Buy: The Way You Look Tonight: The Sullivans, audiobook version

Movie Review: The Perfect Wedding (2012)

the-perfect-wedding-posterReviewed by Sharon S.

Title: The Perfect Wedding (2012)
Run time: 82 min
Genre: Comedy
Director: Scott Gabriel
Writers: Suzanne Brockmann, Ed Gaffney, Jason T. Gaffney

Line-Up:
Paul Fowler – Eric Aragon
Gavin Greene – Jason T. Gaffney
Alana Fowler – Apolonia Davalos
Kirk Corbett – Brendan Griffin
Vicki Carabella- Annie Kerins
Zack Gastineau – Sal Rendino
Roy Madigan – Roger Stewart
Meryl Fowler – Kristine Sutherland
Richard Fowler – James Rebhorn

The Perfect Wedding is the story of Paul Fowler (Eric Aragon) and Gavin Greene (Jason T. Gaffney), two young gay men who meet and fall in love over the Christmas holidays.
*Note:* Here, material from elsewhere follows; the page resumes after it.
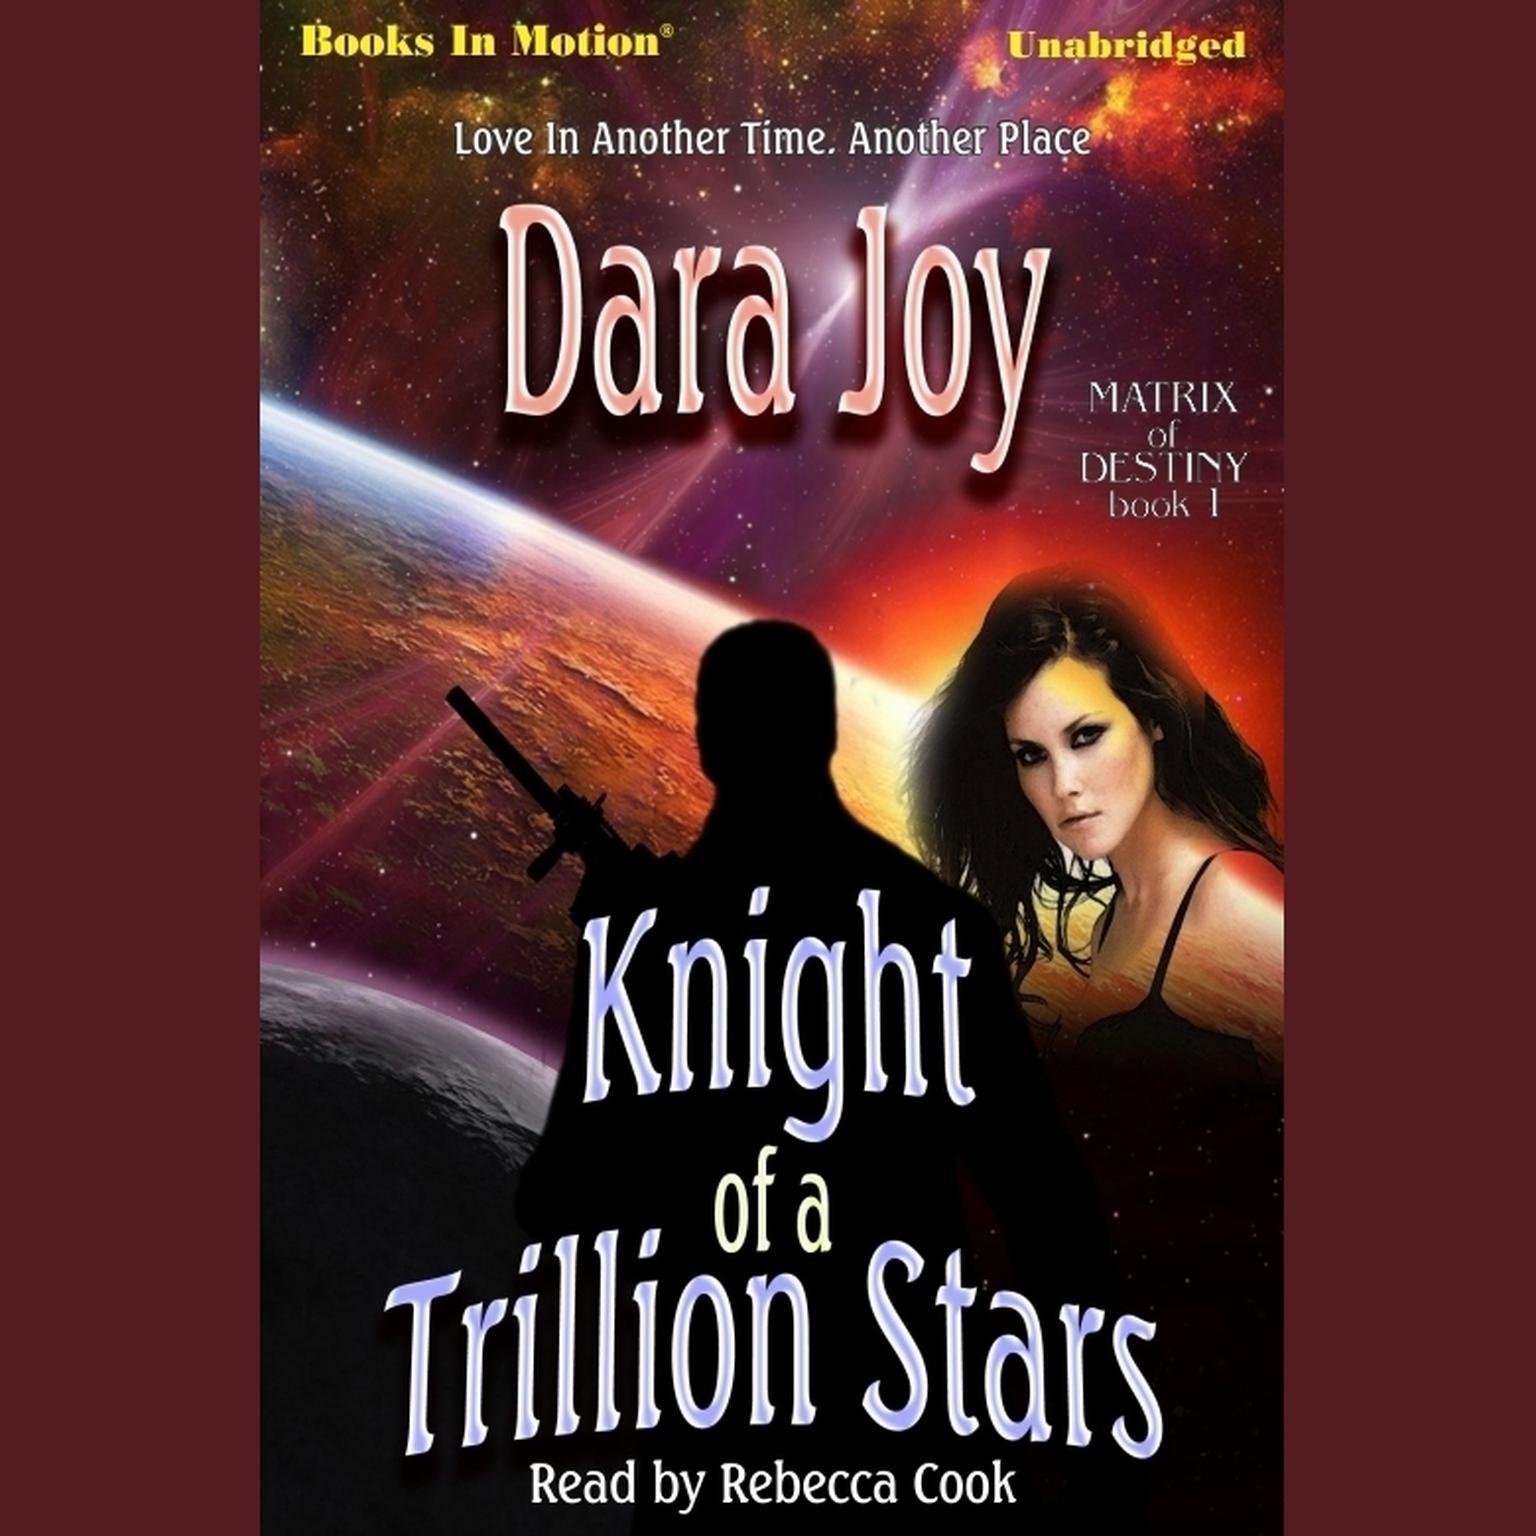 Knight of a Trillion Stars Audiobook, by Dara Joy
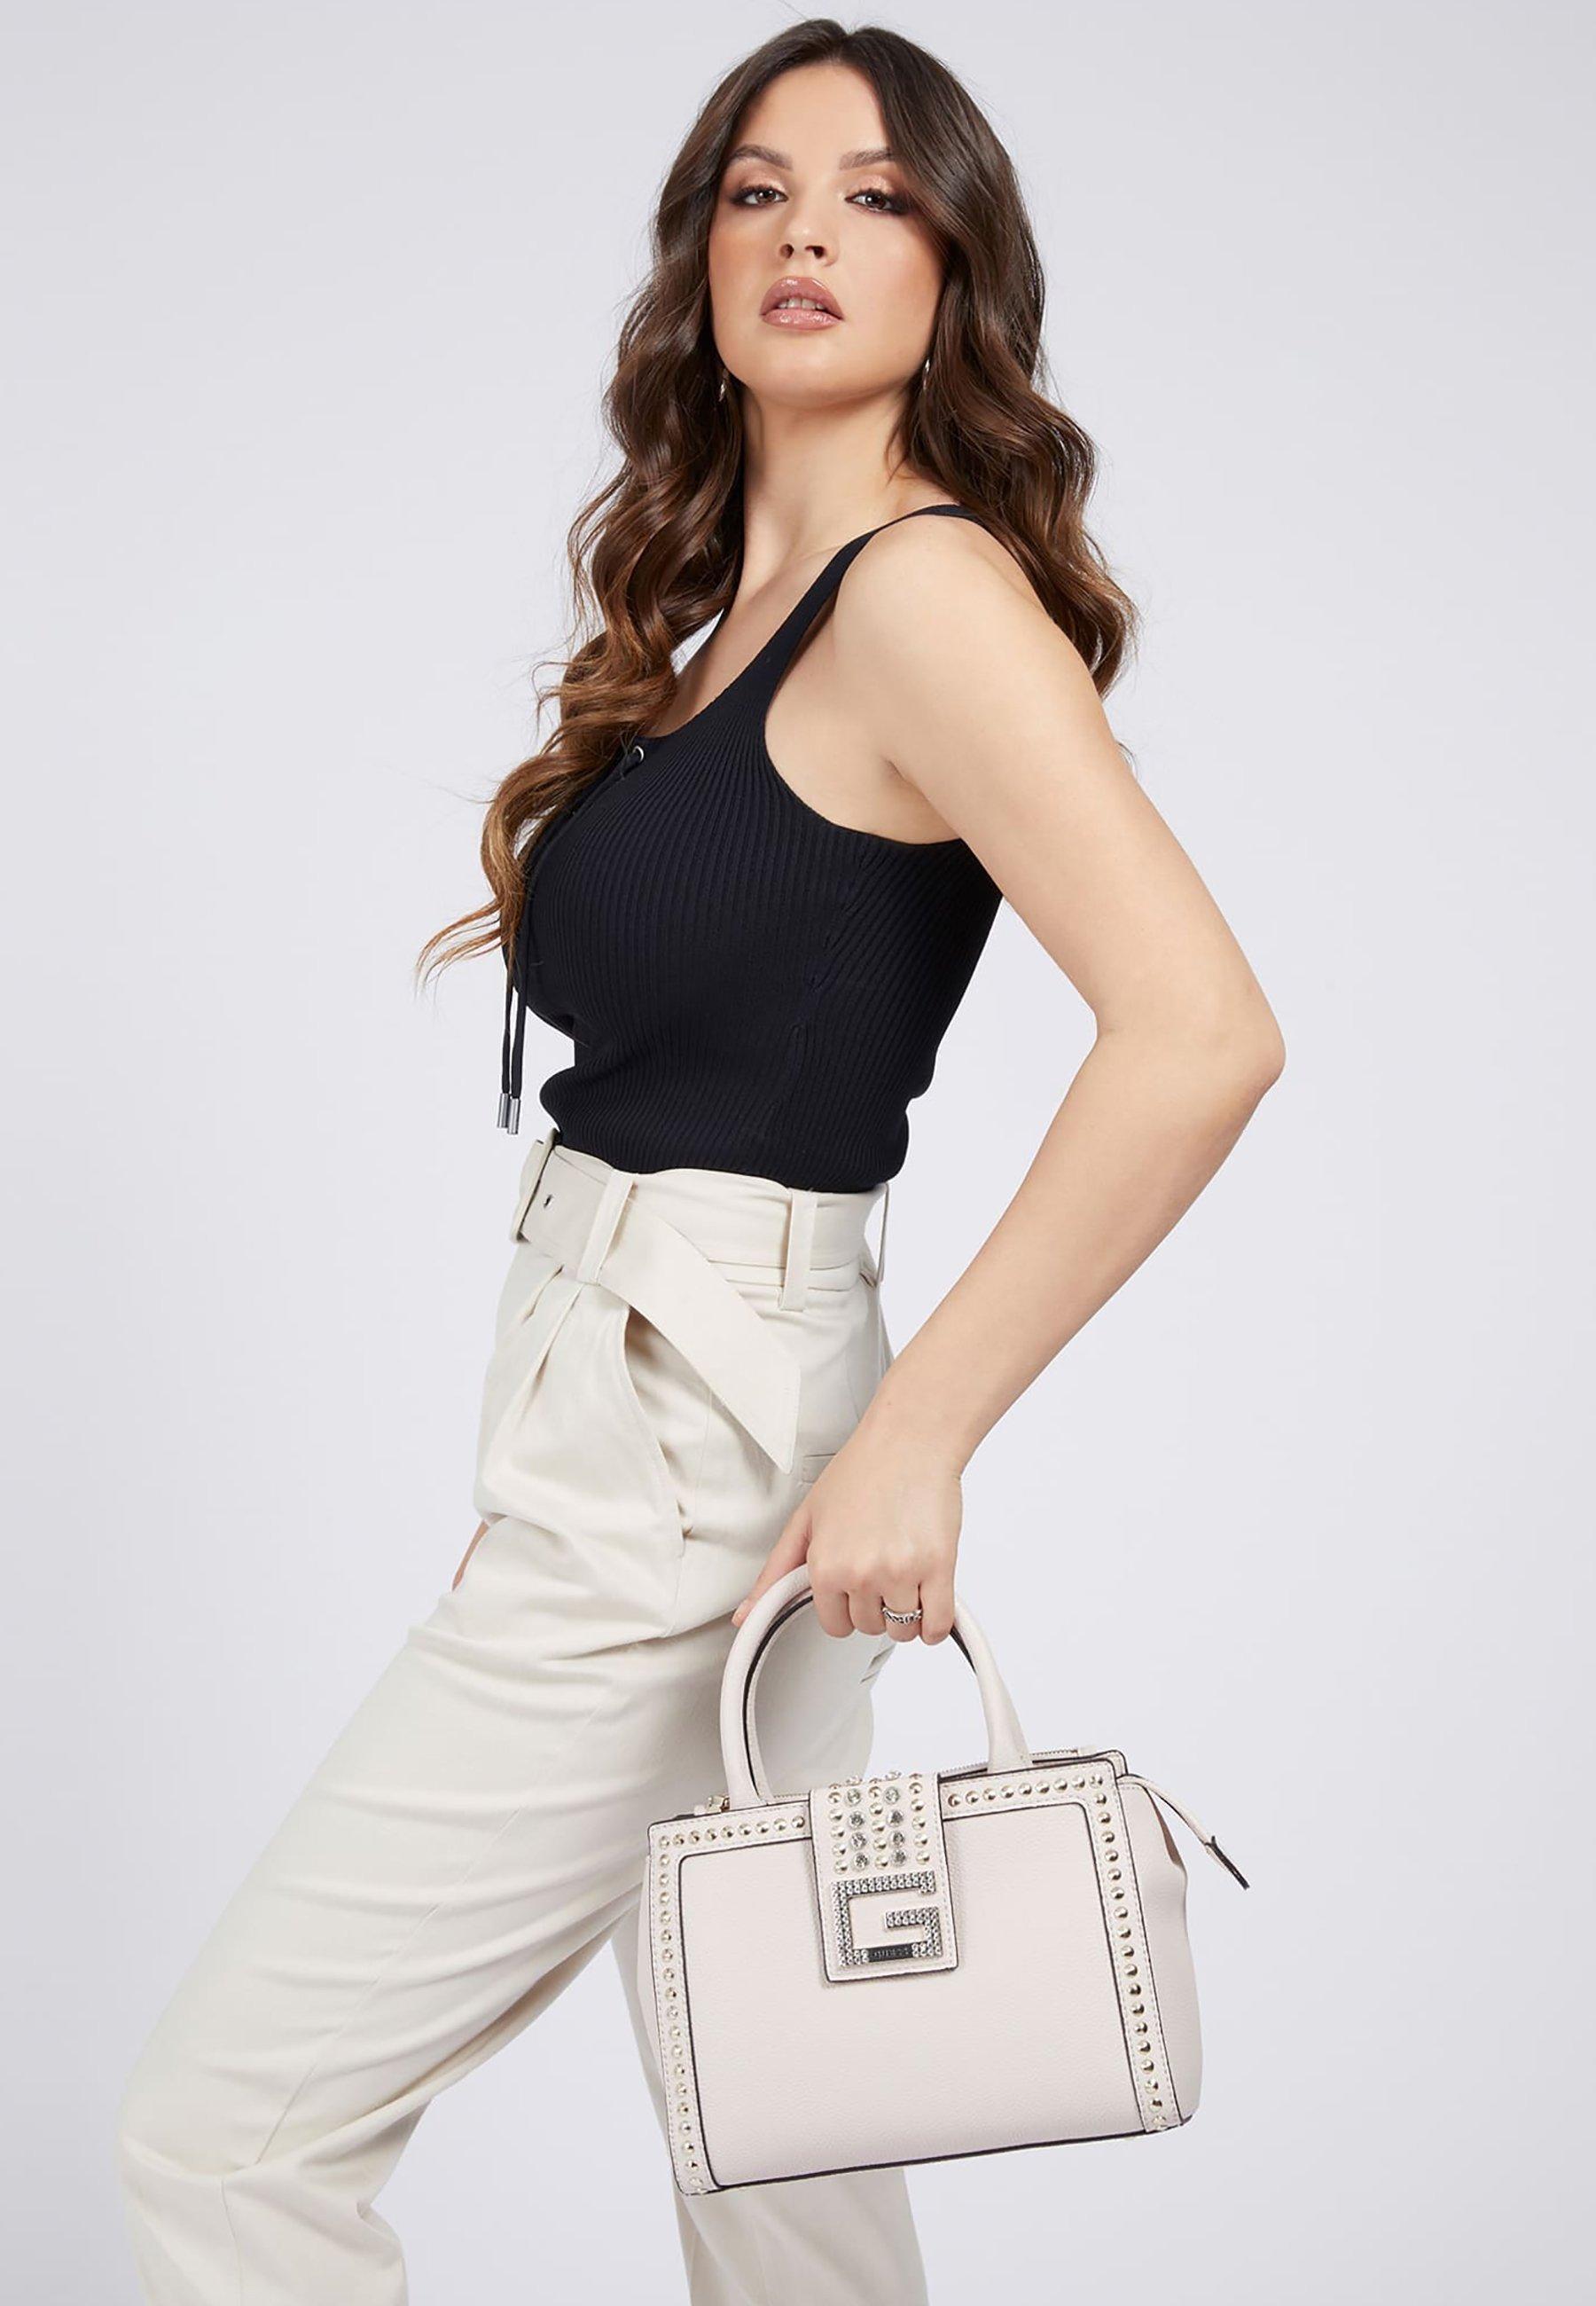 Damen BLING SOCIETY SATCHEL - Handtasche

Charismatic, handsome Paul is a recovering alcoholic, eighteen months sober, but still picking up the pieces of the destruction he’d wrought while drinking. He lives at home with his parents, Richard (James Rebhorn) and Meryl (Kristine Sutherland), and with their support and the help of his AA sponsor Zach (Sal Rendino), Paul is learning how to live one day at a time.

But Christmas is approaching, and Paul’s adopted sister Alana (Apolonia Davalos) is coming home for the holidays. This won’t be just a regular family celebration — she’s recently engaged and the weekend will be spent planning her June wedding. She’s bringing her best friends Roy (Roger K. Stewart) and Vicki (Annie Kerins) home with her, to help with the task.

Problem is, Roy is Paul’s ex-boyfriend, and their relationship was a casualty to Paul’s drinking. In fact, the two young men haven’t seen each other since their very messy breakup. Nervous about seeing his ex again, Roy talks his good friend Gavin into joining him for the weekend, and pretending to be his new boyfriend.

When Paul and Gavin meet, sparks of attraction fly — but Gavin thinks Roy’s still hung up on Paul. And of course, the last thing Paul wants to do is hurt his ex all over again.

Meanwhile, like all families, the Fowlers must deal with bad news as well as good, and we discover that patriarch Richard has been recently diagnosed with early on-set Alzheimer’s. He is essentially symptom-free, but Meryl is terrified of what the future holds and throws herself into planning a lavish wedding for their daughter, Alana. Even though Meryl knows it’s foolish, she wants to create a wedding so big and so beautiful that no one — not even Richard — will ever forget it.

When Paul realizes that his sister’s wedding plans are getting steamrolled by their mom, he gets involved and convinces Alana’s fiancé Kirk (Brendan Griffin) to re-propose to her, asking her to marry him that very day, in a small ceremony at sunset near the water, with only close friends and family attending, just as Alana has always imagined. And with Paul’s help, Richard also confronts Meryl and convinces her to join him in the present instead of living burdened with the uncertainties of the future.

The proposal, the intimate wedding, and Paul and Gavin’s ultimate connection are touching scenes in a warm and funny story about a very real, modern American family.

Review: The above summary pretty much details the entire movie so no sense talking about that. I enjoyed the film despite the over used romantic comedy plot devices. It seemed they tried to include every social issue in the family dynamic. You have adoption, Alzheimer’s, alcoholism, and mixed marriage. The only thing it didn’t do was make an issue of being gay, which was the point of the movie. The creators wanted to make a romantic comedy. It just so happens the two lead characters were men. This story would have worked just as well with a man and woman. The plot is a formula romantic comedy with no twists or turns, and the humor is generic.

Despite all the things I knock the film for I wanted to see Gavin and Paul’s happy ever after. I liked both characters and the actors did a fine job with them. The acting skills for the cast as a whole, wasn’t stellar, with the exception of Kristine Sutherland who played Meryl Fowler (Paul’s mom). She was the most convincing.

This is a nice indie film that will leave you with a smile on your face.